I hunted 6 days of the season this year. I saw about a dozen or so bucks. Felt like I was shooting blanks at most of them. So on the last day of the season I decided I'd take my brothers white muzzy with the scope. I still want to shoot one with my kit gun. Maybe next time..

At approximately 7:10 PM Thursday night, which would be 7 minutes after sunset according to the GPS I shot at a two point.

At approx. 7:14 PM we found this:

Untitled by stimmie_78, on Flickr
The tracking has begun!!!

We followed the blood trail slowly. Losing it and having to go back to the last known spot and search harder. Finally we saw him laying on the ground still breathing a bit. I used my kit gun to dispatch him quickly and the time for work had begun.

Untitled by stimmie_78, on Flickr

Untitled by stimmie_78, on Flickr

It was a short 250 or so yard drag on a well used trail back to the main road. And then a 1/3 mile hike to the truck.

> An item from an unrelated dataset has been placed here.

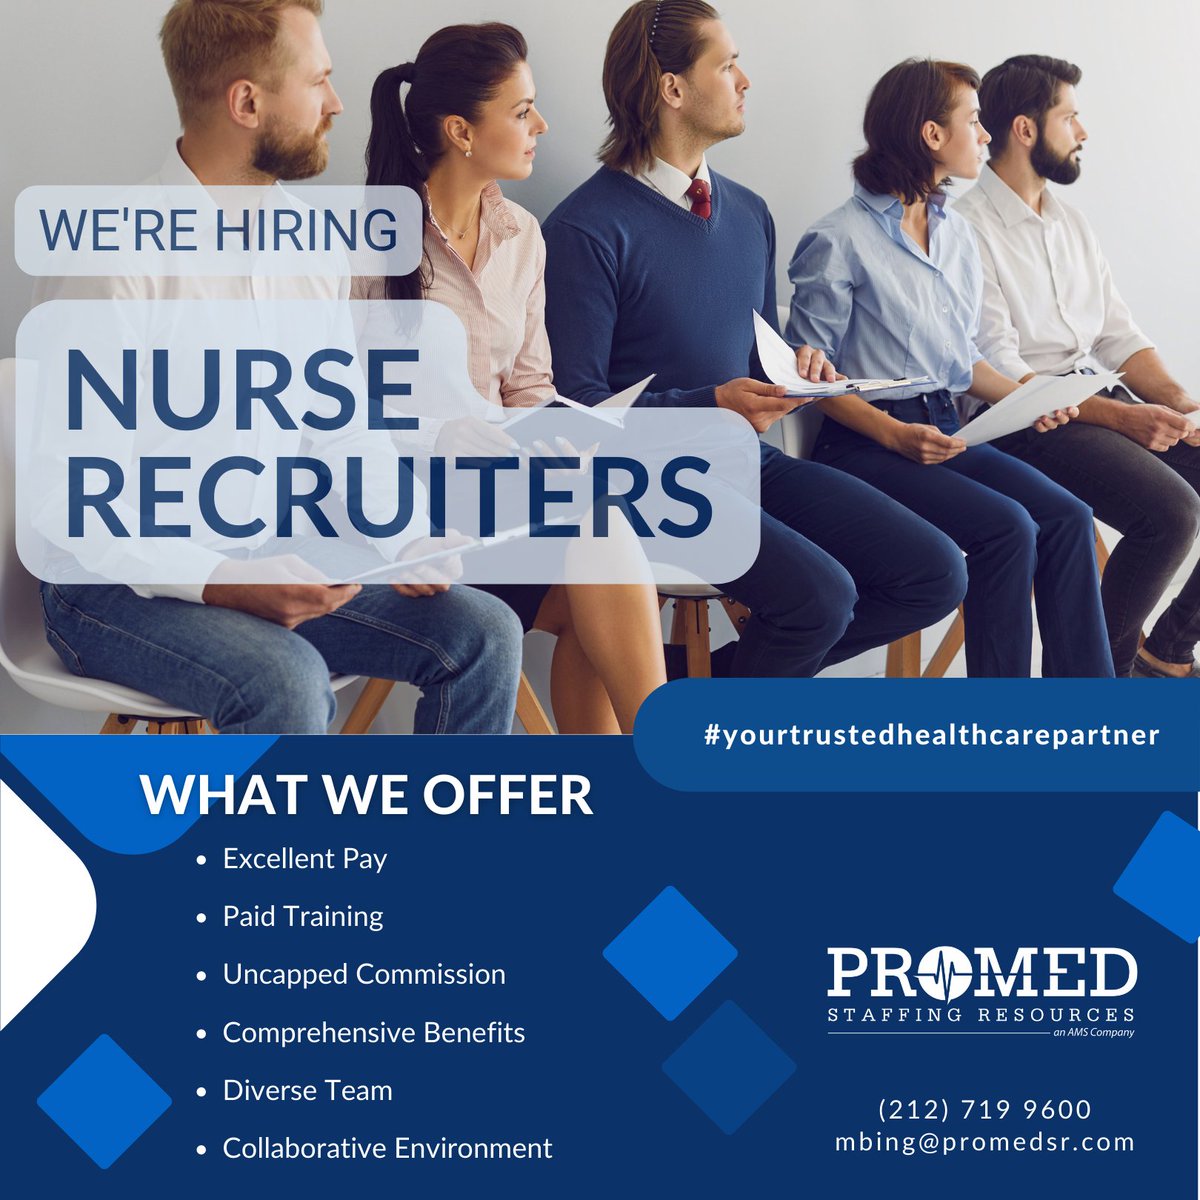 Grow your #recruitmentcareer to the next level and #join a diverse, high-performing #team at ProMed Staffing Resources. Submit your resume to Maria Bingeman at mbing@promedsr.com
  
#healthcarestaffing #nurserecruiting #nursestaffing #applicanttrackingsystem #promedsr

Granted he's not the biggest buck out there... He's not the smallest either. I saw lots that were bigger and couldn't connect. I couldn't even connect on smaller. But I finally did with this guy. He's my second buck I've shot. First with a muzzy! And it's meat for the freezer!

Maybe I'll get lucky enough to draw again next year.... Probably not though.. been every other year for me and my brother.


----------



## Mavis13 (Oct 29, 2007)

Nice work; congrats


----------



## martymcfly73 (Sep 17, 2007)

You look like satan with those red eyes  nice work though!


----------



## fishreaper (Jan 2, 2014)

I've always loved tracking blood in a weird way. It is like following a treasure map, sometimes leaving you stumped for an hour before having to make a gut decision and finding your treasure on a ridiculous whim or guess. Of course, sometimes leaving you to fail after all of that hard work. Sometimes its right under you nose. 

Great deer. "trophy" is an applicable word for any animal you take pride in, regardless of whether it has antlers or not, big or small. Maybe you'll get lucky and you and your brother will draw the same tag next year.


----------



## 35whelen (Jul 3, 2012)

congrats! he will taste great. especially after a short haul back in the cool evening. glad your hunt was a success


----------



## 35whelen (Jul 3, 2012)

I agree with fishreaper, nothing sweeter than seeing that first splash of bright red after you follow up after the shot. the anxiety melts away at the sight of it


----------



## RobK (Jul 3, 2008)

very nice .


----------